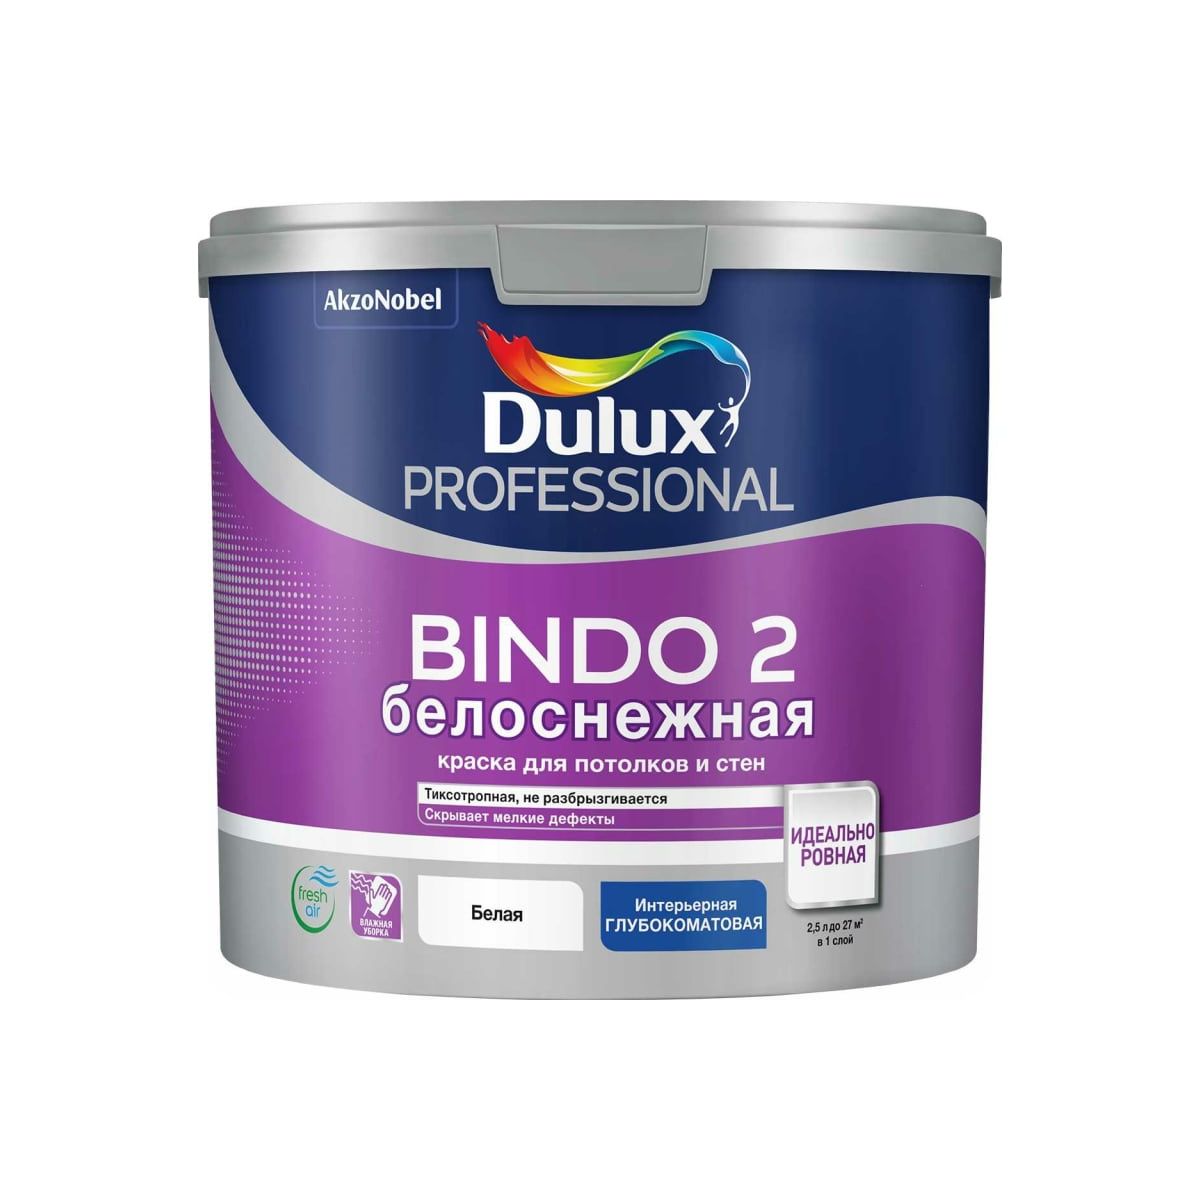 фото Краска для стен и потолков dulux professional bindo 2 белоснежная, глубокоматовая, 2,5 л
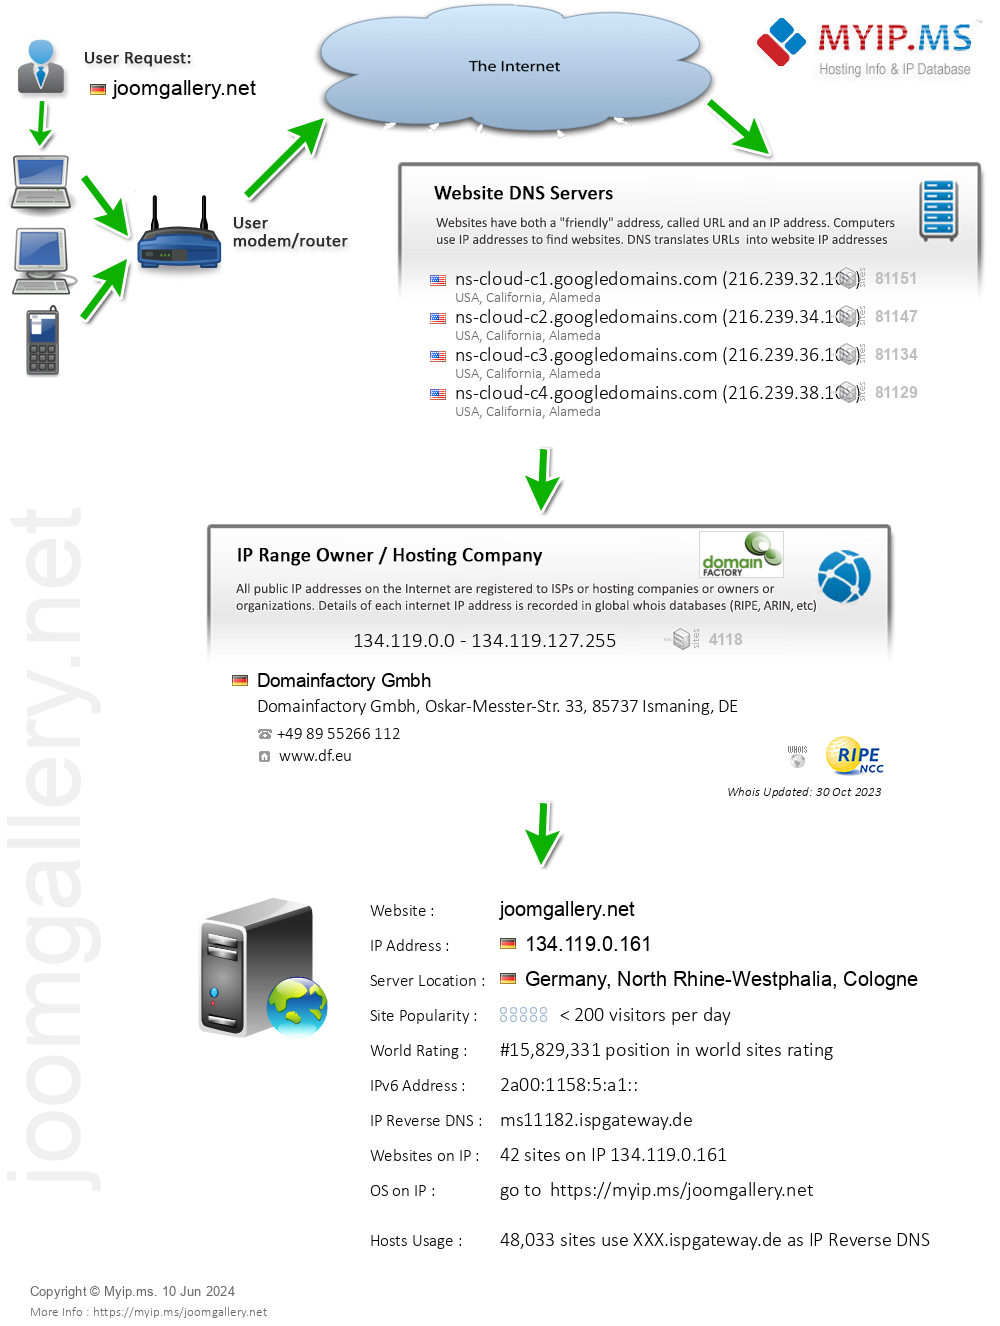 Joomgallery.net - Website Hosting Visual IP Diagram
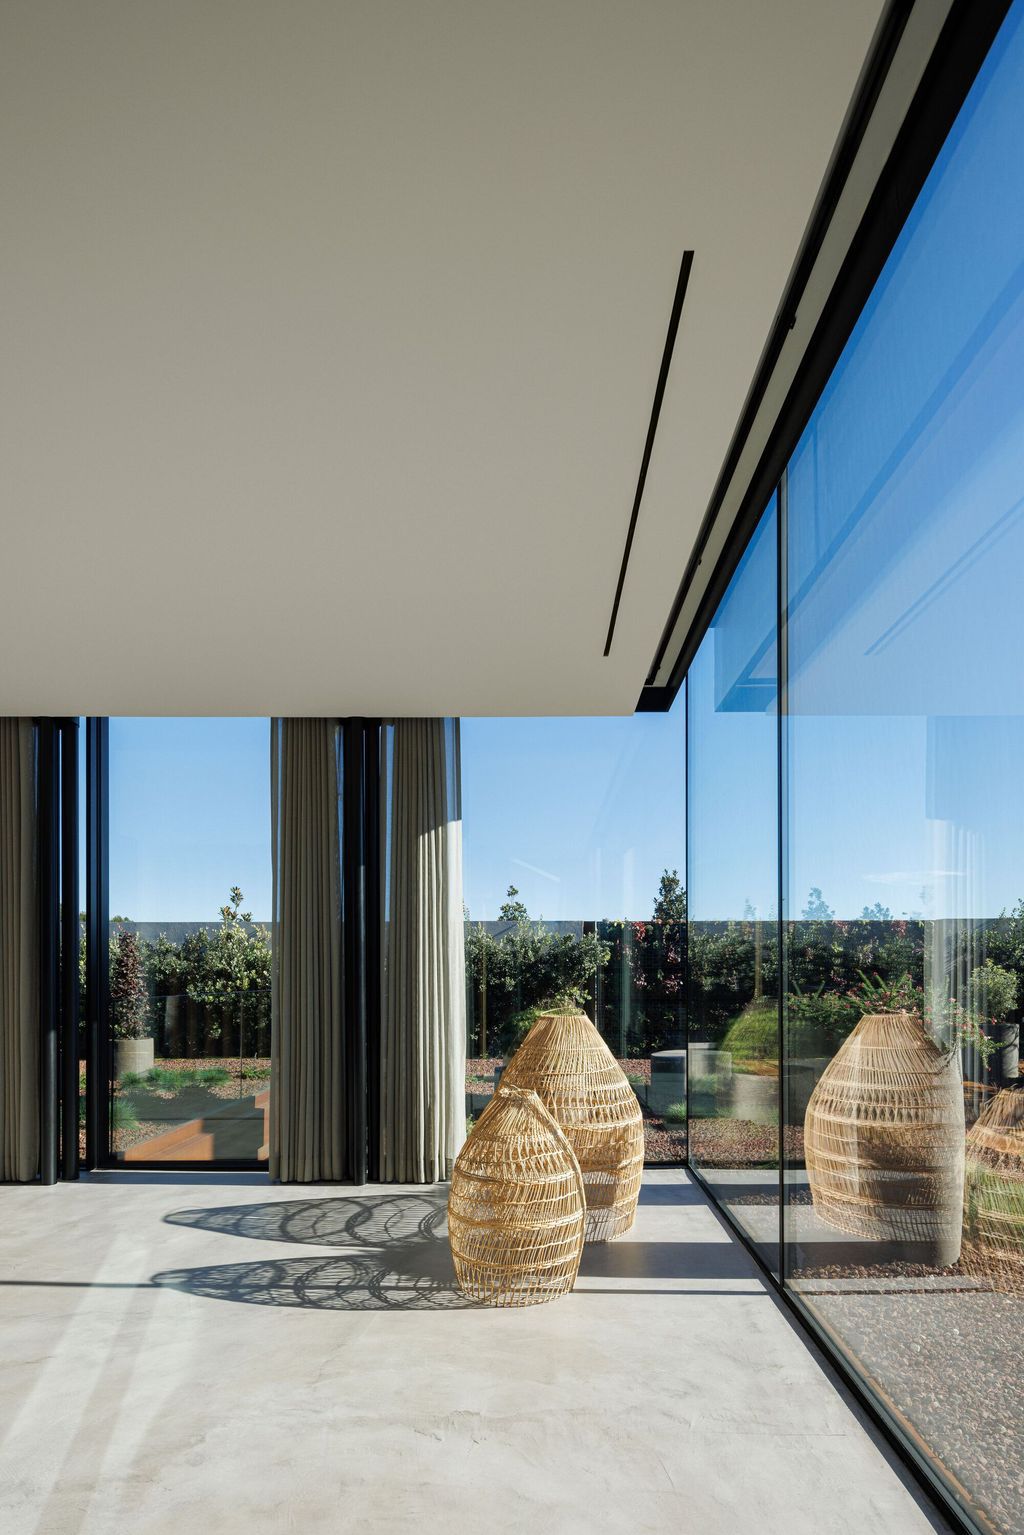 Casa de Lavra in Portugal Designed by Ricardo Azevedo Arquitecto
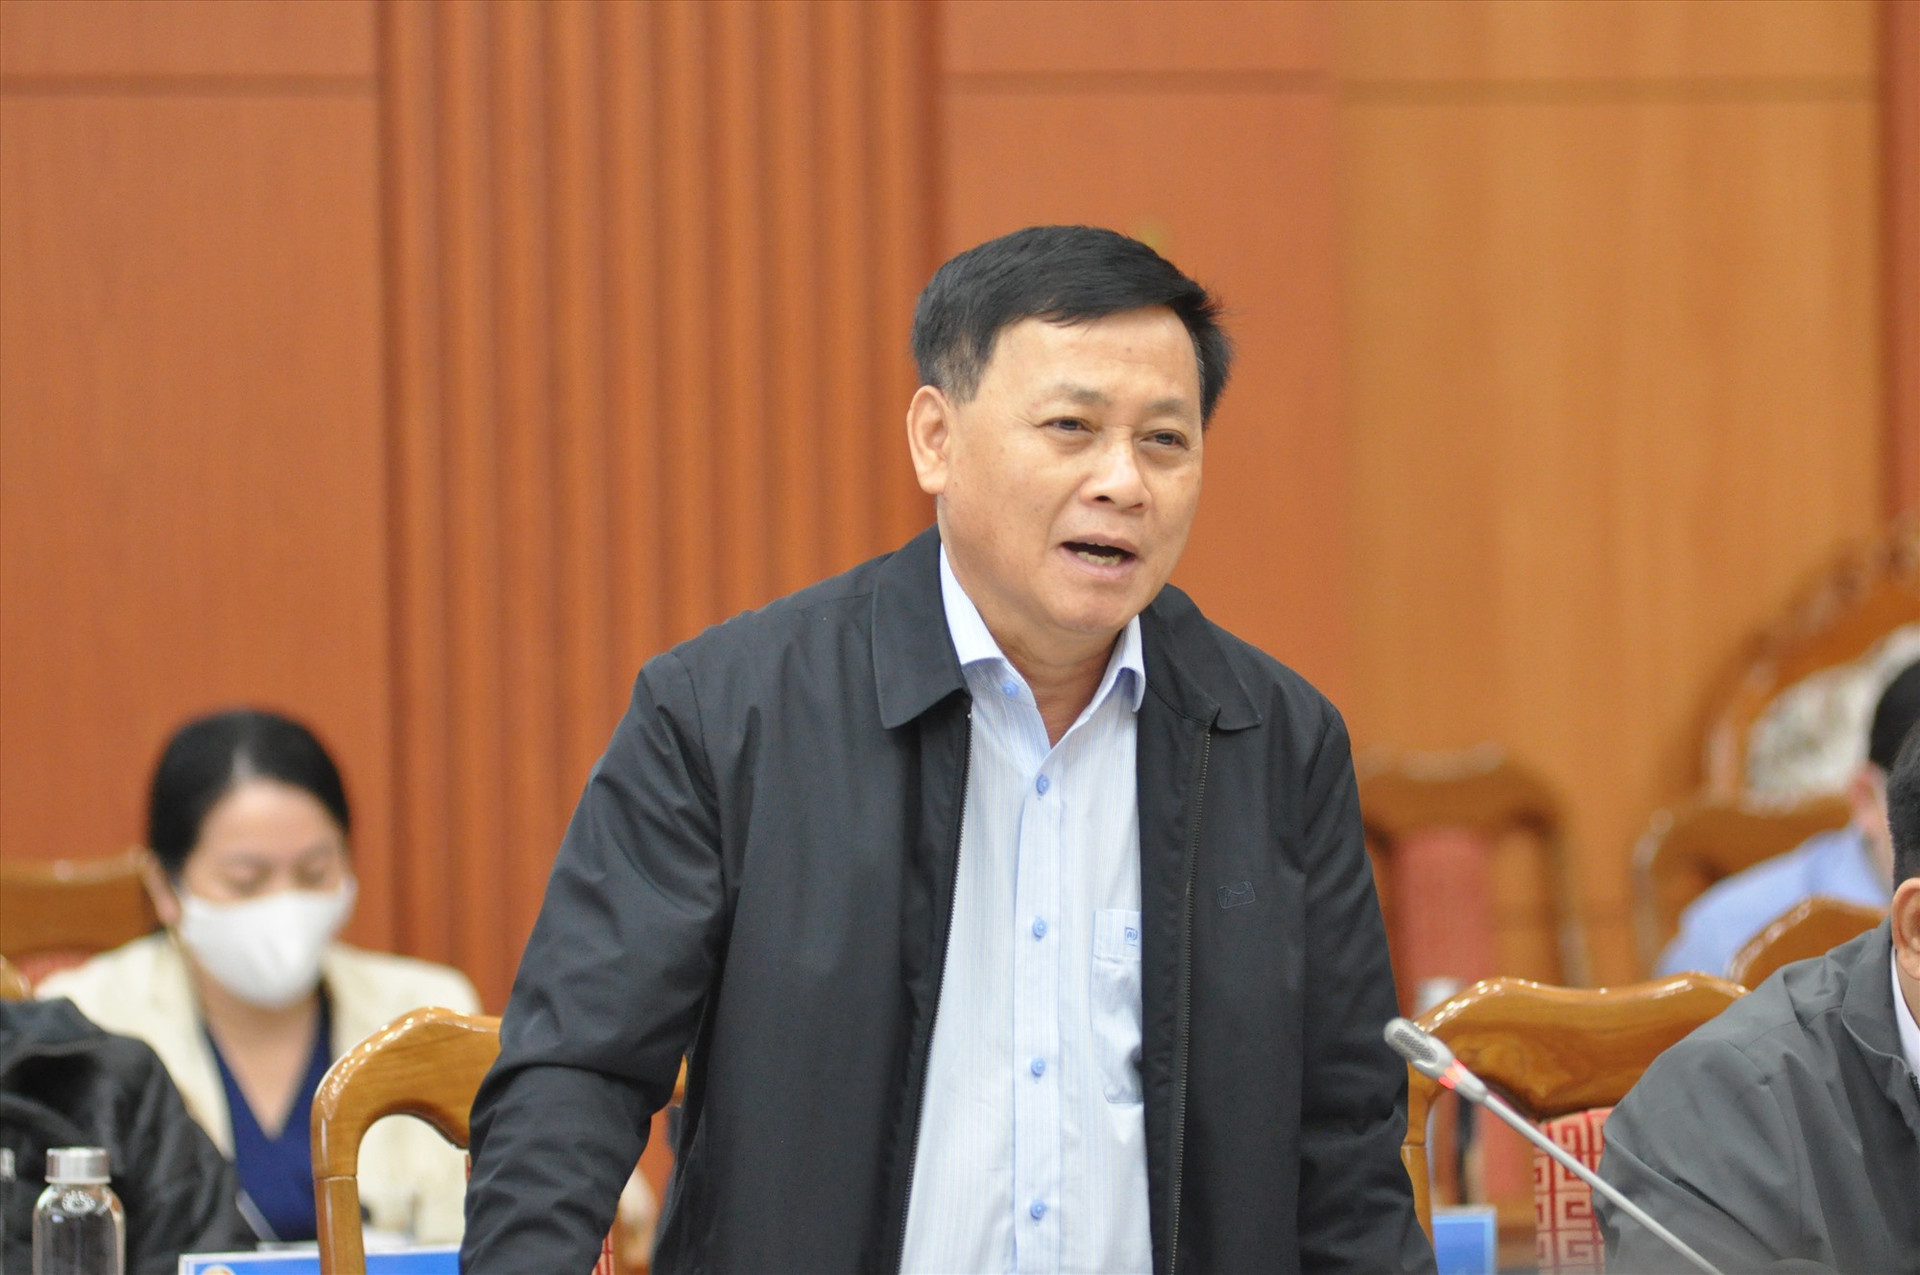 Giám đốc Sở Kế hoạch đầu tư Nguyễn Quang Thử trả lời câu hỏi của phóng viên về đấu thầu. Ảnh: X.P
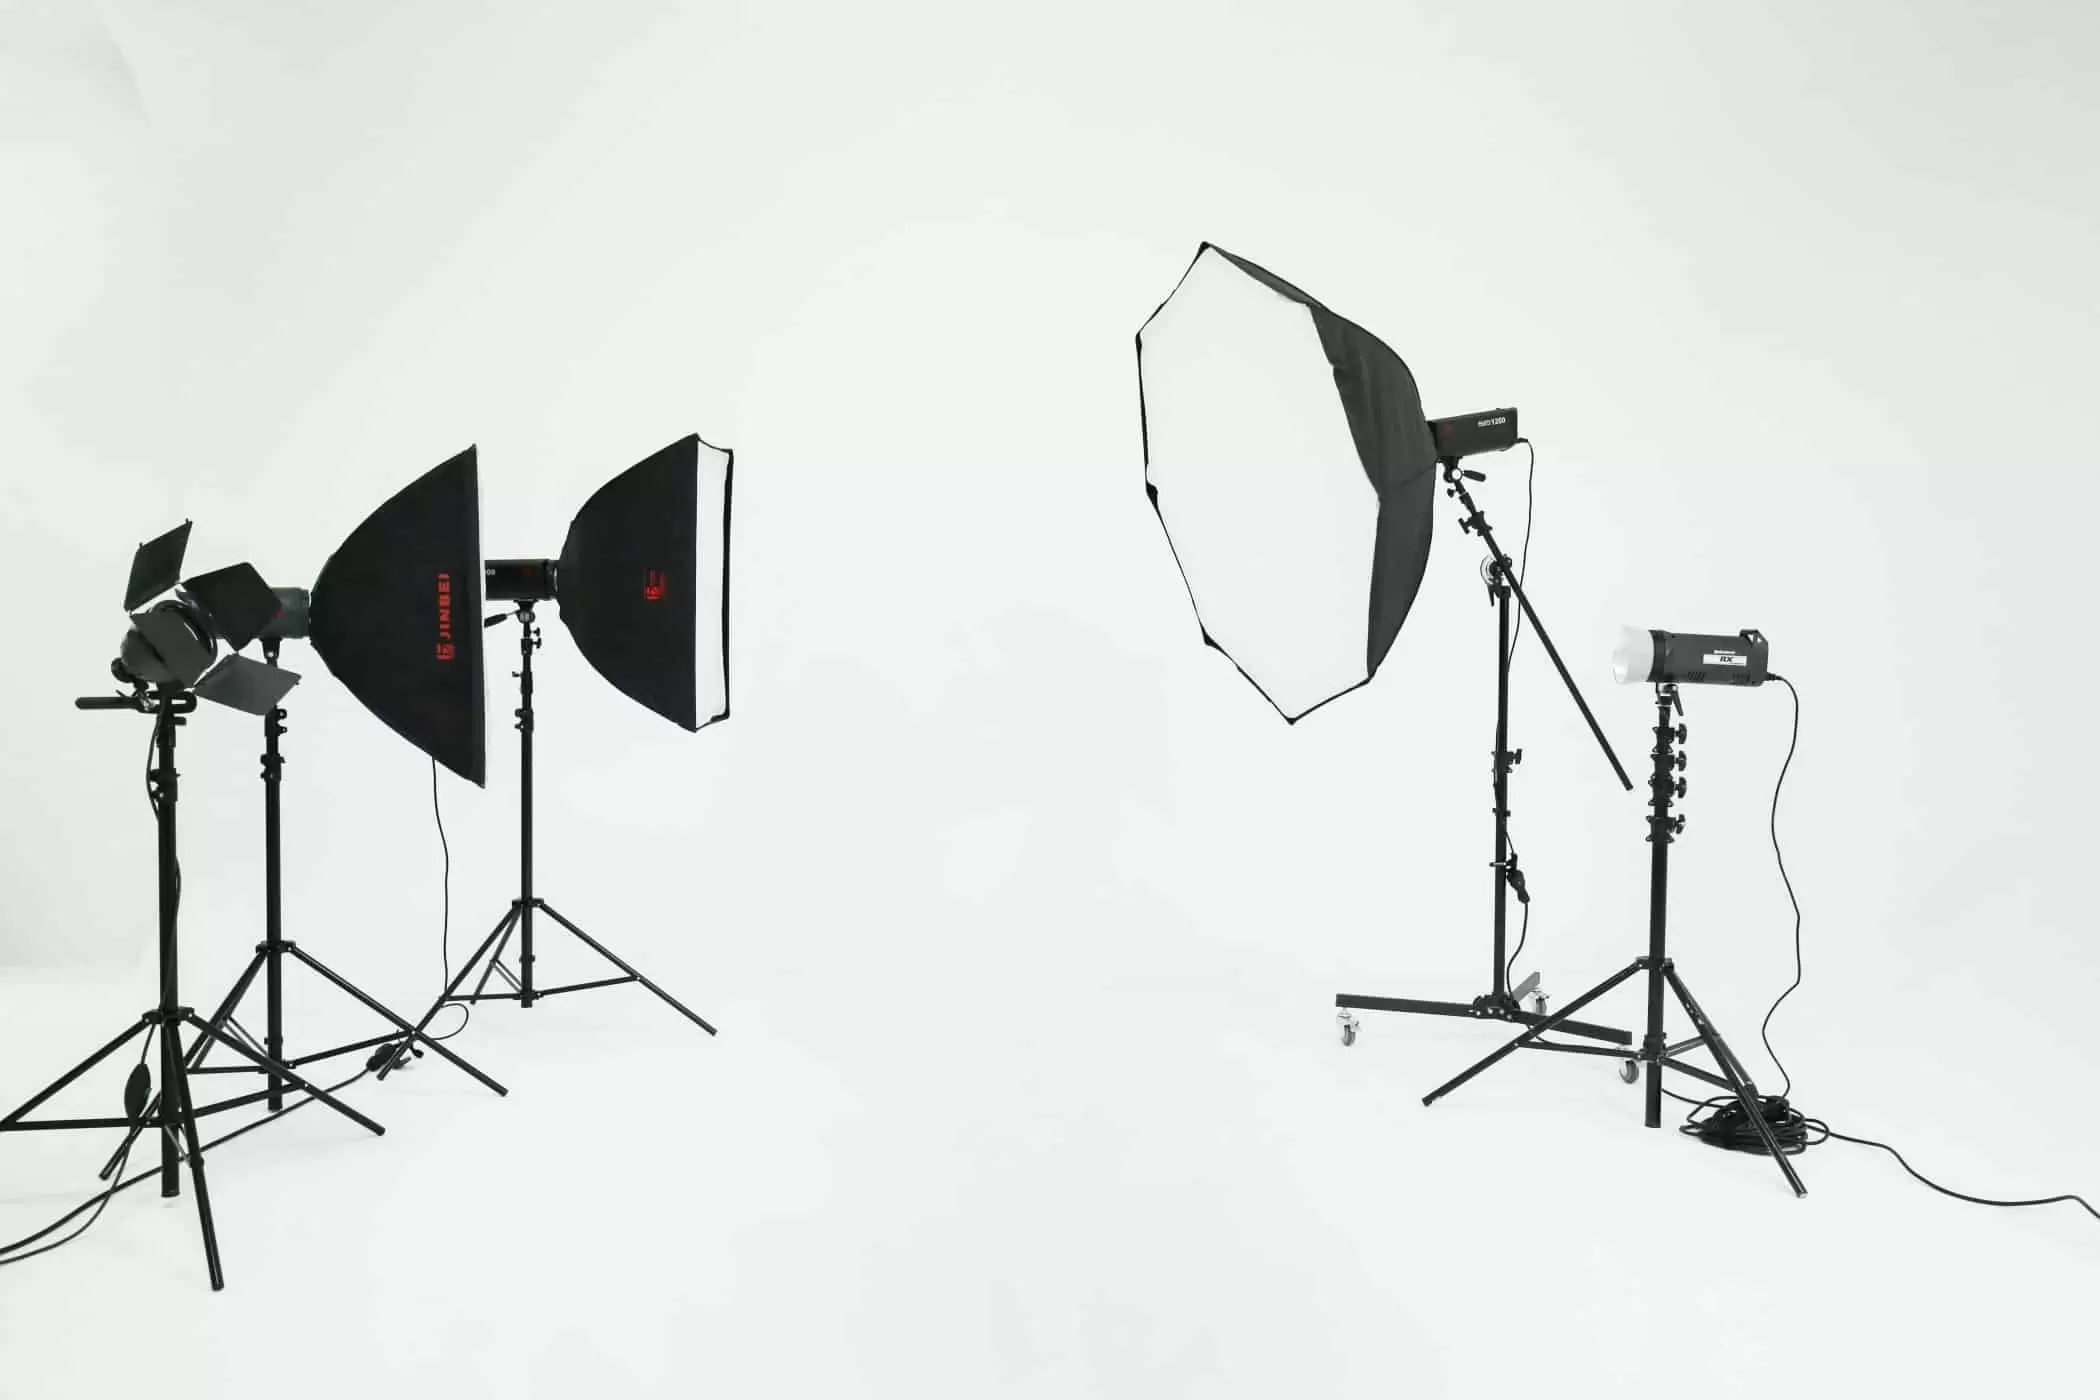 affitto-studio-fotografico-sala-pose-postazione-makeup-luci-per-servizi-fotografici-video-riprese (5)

— Task details —
Give back the whole listing exactly as it stands. No pictures belong in the copy.

— Answer space —
 фото Краска для стен и потолков dulux professional bindo 2 белоснежная, глубокоматовая, 2,5 л
 Joomgallery.net - Website Hosting Visual IP Diagram
 Casa de Lavra in Portugal Designed by Ricardo Azevedo Arquitecto
 Giám đốc Sở Kế hoạch đầu tư Nguyễn Quang Thử trả lời câu hỏi của phóng viên về đấu thầu. Ảnh: X.P
 affitto-studio-fotografico-sala-pose-postazione-makeup-luci-per-servizi-fotografici-video-riprese (5)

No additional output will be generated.